Recorded data
**********

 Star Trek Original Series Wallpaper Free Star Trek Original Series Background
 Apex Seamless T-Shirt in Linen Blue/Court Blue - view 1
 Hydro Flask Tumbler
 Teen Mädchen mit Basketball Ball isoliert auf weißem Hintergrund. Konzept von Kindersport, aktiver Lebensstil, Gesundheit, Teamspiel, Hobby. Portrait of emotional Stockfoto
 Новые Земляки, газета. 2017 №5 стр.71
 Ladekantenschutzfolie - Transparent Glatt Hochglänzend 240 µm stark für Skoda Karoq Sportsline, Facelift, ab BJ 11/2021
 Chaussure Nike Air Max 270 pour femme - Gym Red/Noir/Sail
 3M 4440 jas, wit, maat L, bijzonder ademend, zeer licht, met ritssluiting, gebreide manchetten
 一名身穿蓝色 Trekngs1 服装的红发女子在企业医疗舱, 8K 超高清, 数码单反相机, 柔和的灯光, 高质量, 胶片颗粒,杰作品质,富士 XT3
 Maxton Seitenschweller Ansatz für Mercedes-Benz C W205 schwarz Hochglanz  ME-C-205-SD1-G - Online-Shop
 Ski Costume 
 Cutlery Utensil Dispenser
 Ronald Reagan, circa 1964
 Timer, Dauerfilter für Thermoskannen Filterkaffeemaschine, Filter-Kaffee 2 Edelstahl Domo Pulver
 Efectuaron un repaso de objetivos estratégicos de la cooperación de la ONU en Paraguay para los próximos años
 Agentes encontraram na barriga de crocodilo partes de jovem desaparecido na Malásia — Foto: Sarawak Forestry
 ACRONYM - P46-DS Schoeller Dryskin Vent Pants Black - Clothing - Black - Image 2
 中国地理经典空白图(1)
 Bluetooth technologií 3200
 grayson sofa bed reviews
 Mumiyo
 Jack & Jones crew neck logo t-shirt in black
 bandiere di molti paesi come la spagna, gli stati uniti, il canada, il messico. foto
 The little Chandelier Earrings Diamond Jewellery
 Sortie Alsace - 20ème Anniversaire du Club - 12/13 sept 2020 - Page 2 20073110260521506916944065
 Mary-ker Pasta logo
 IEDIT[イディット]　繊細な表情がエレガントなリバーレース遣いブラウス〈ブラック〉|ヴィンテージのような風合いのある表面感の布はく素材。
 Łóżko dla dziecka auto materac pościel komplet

**********

REQUIREMENT => Among the entries above, the line containing "Maxton Seitenschweller Ansatz", the line containing "Efectuaron un repaso", and all lines between them are to be restated word for word; nothing else belongs in the reply.

WRITTEN RESPONSE =>
 Maxton Seitenschweller Ansatz für Mercedes-Benz C W205 schwarz Hochglanz  ME-C-205-SD1-G - Online-Shop
 Ski Costume 
 Cutlery Utensil Dispenser
 Ronald Reagan, circa 1964
 Timer, Dauerfilter für Thermoskannen Filterkaffeemaschine, Filter-Kaffee 2 Edelstahl Domo Pulver
 Efectuaron un repaso de objetivos estratégicos de la cooperación de la ONU en Paraguay para los próximos años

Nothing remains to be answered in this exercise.